PostgreSQL 8.3 Warm Stand-by Replication

In an effort to make things a bit more redundant at my work place, I have implemented PostgreSQL 8.3 warm stand-by replication, as outlined in the pgsql 8.3 manual.The manual leaves the possibilities for implementation pretty wide open, which is good for making things scalable, and applying the process in many different ways, but it is bad if you are looking for more detail as to how to set it up. In this tutorial, I will outline my exact methods for implementing warm stand-by for PostgreSQL, running on Ubuntu Server 9.04.

The basic jist of postgresql’s warm stand-by system, is based on the “continuous archiving” ability of pgsql. It utilizes this feature to do “log shipping” of the write ahead log (WAL) files, where the logs are then retrieved by a stand-by server in “continuous recovery” mode. The stand-by server remains in continuous recovery until a given condition has been met, at which point the server comes up into normal operation.
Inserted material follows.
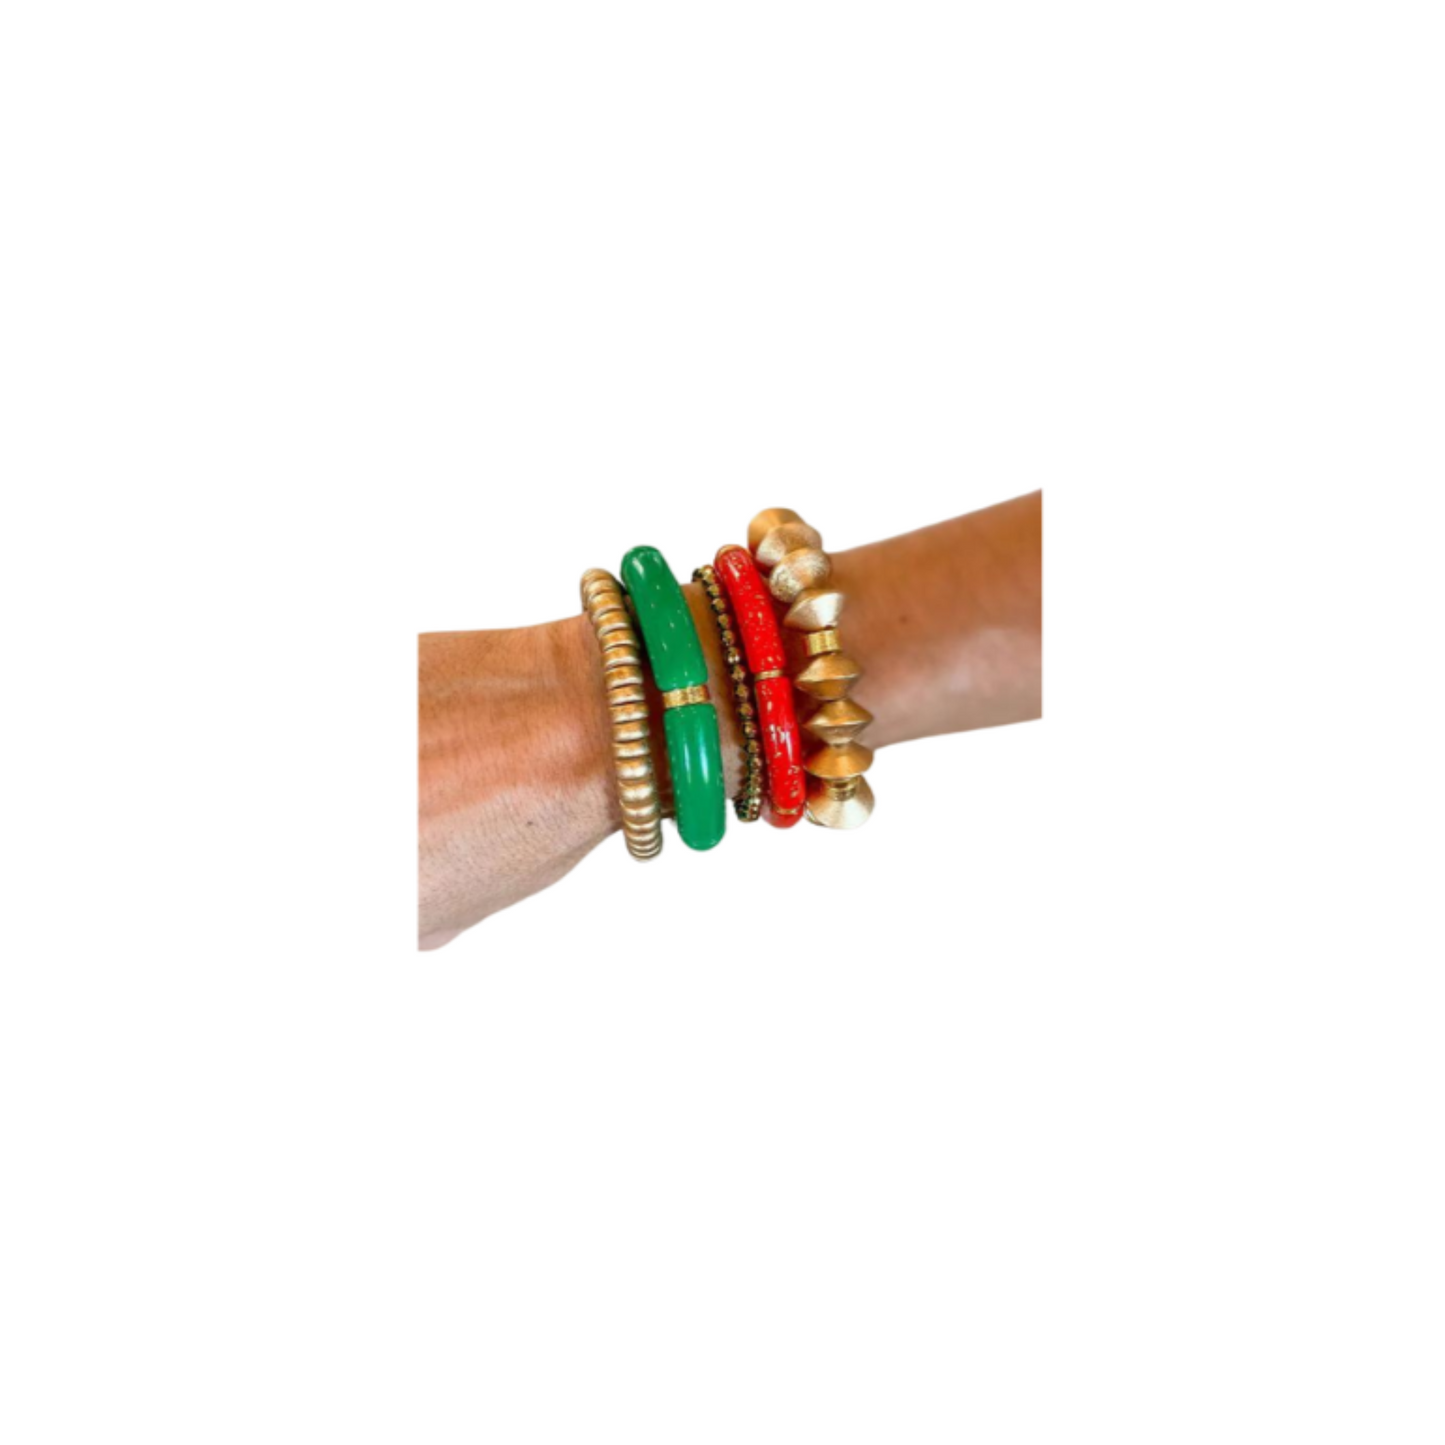 Raquel Christmas Stack by Millie B.

First, you must start with two “as close to the same as possible” servers, as recommended by the postgresql manual. In my case, I have a virtual pgsql server in our primary location, and another virtual pgsql server in our disaster recovery location. Both servers run ubuntu server 9.04 jaunty 32-bit, with postgresql installed from the repositories. PostgreSQL also requires that the two servers be the same architecture (32 or 64 bit).

Once both servers are running, you must create a location to store the archived WAL files. It is highly recommended to have the archive storage located remotely from the primary server, that way, in the event of a primary server failure, you have the latest and greatest WALs for your stand-by server to import. The archive must be readable, and writeable from both the primary and secondary servers. For my installation, I created a NFS share on the stand-by server itself, and then the stand-by server imports the WAL files locally. Just be sure that the archive on the stand-by server is owned by “postgres:postgres”, and that the world permissions are “0″ because all data written to your database will be visible here as it is written. Remember to take precautions, security is your number one concern at all times.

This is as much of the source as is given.